The plots show the estimated mean and standard deviation values at the five time points for the measures clustering coefficient, modularity, local efficiency, and transitivity for the cortical thickness analyses. (*p < 0.01; **p < 0.001; ***p < 0.0001).

For clustering coefficient (C) and modularity (Q), post hoc tests revealed a significant increase between baseline (0 months) and 9 months (p < 0.001 for C and p < 0.01 for Q) and between baseline and 12 months (p < 0.0001 for C and p < 0.01 for Q). Furthermore, transitivity showed a similar dynamic with an increase over time, suggesting a higher connection probability of neighboring nodes. Post hoc tests revealed significantly higher values between baseline and 6 months (p < 0.001), between baseline and 9 months (p < 0.001), and between baseline and 12 months (p < 0.0001).
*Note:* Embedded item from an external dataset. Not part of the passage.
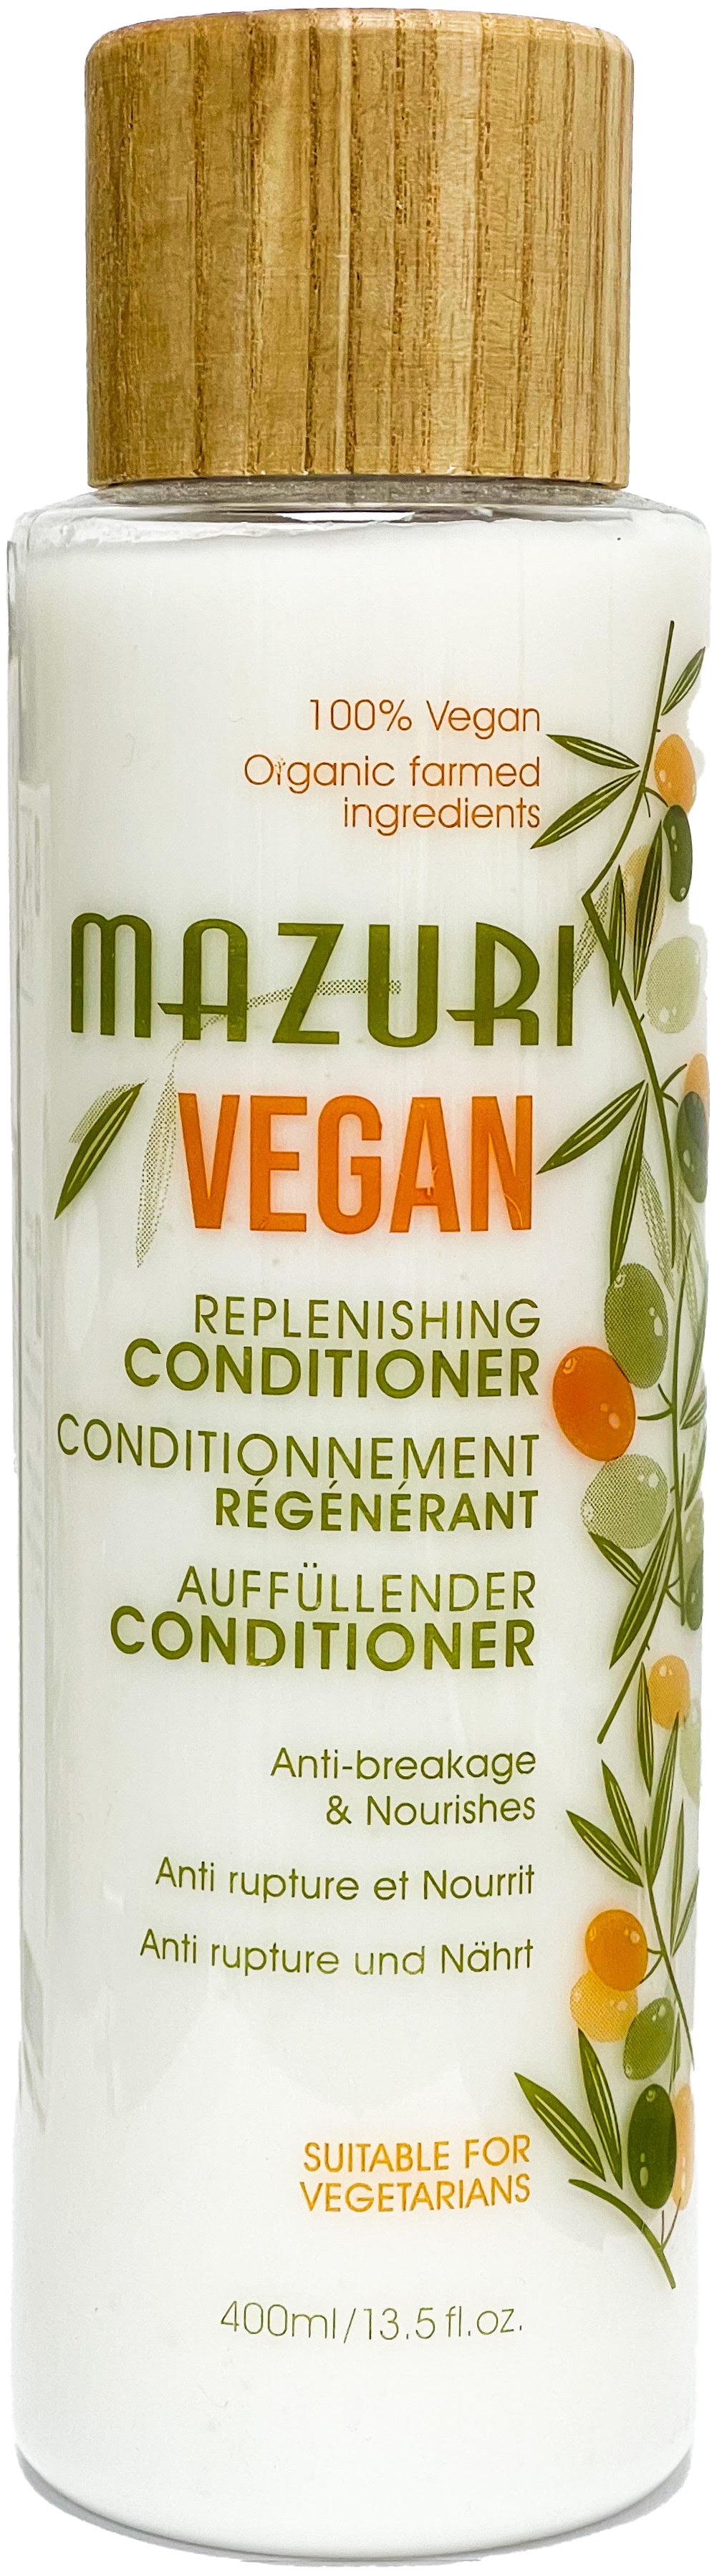 Mazuri - Vegan Replenishing Conditioner 400ml

Moreover, post hoc tests were significant between the values at 3 and 9 months (p < 0.01). Post hoc tests for local efficiency revealed significant differences between the values at baseline and at 12 months (p < 0.0001). Finally, post hoc testing was significantly different between 3 months and 9 months (p < 0.001) and 12 months (p < 0.001).

No change in cortical thickness and brain volume

Both established methods for investigating whole-brain atrophy and regional changes in cortical integrity (SIENA and FreeSurfer) revealed no longitudinal differences in our early disease cohort over 12 months.
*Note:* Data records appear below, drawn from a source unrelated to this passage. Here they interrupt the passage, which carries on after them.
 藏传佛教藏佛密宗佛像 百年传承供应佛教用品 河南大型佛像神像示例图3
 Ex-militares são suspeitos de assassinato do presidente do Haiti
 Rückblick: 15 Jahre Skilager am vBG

At the examined statistical threshold (p < 0.05 false discovery rate corrected and p < 0.001 uncorrected), there were no significant changes over time in cortical thickness and no significant difference between patients divided according to their inflammatory activity (NEDA versus EDA). Moreover, no regions with longitudinal atrophy over 12 months were attested in HCs.

Likewise, PBVC evaluated using SIENA showed no significant results. The mean PBVC estimate from the 92 MS subjects did not differ significantly from zero (family-wise error correction was applied for multiple comparisons). In addition, there were no significant differences (p > 0.05, family-wise error-corrected) in longitudinal brain volumes of the patients in the NEDA and EDA groups.

Discussion

By assessing the cortical architecture in a patient cohort with not yet measurable GM atrophy, we provide evidence for early structural reorganization towards increased local and modular connectivity. These patterns were detected in the cerebral networks, reconstructed from cortical thickness measurements applying graph theoretical analyses, in both patients with and without disease activity, but were absent in HCs.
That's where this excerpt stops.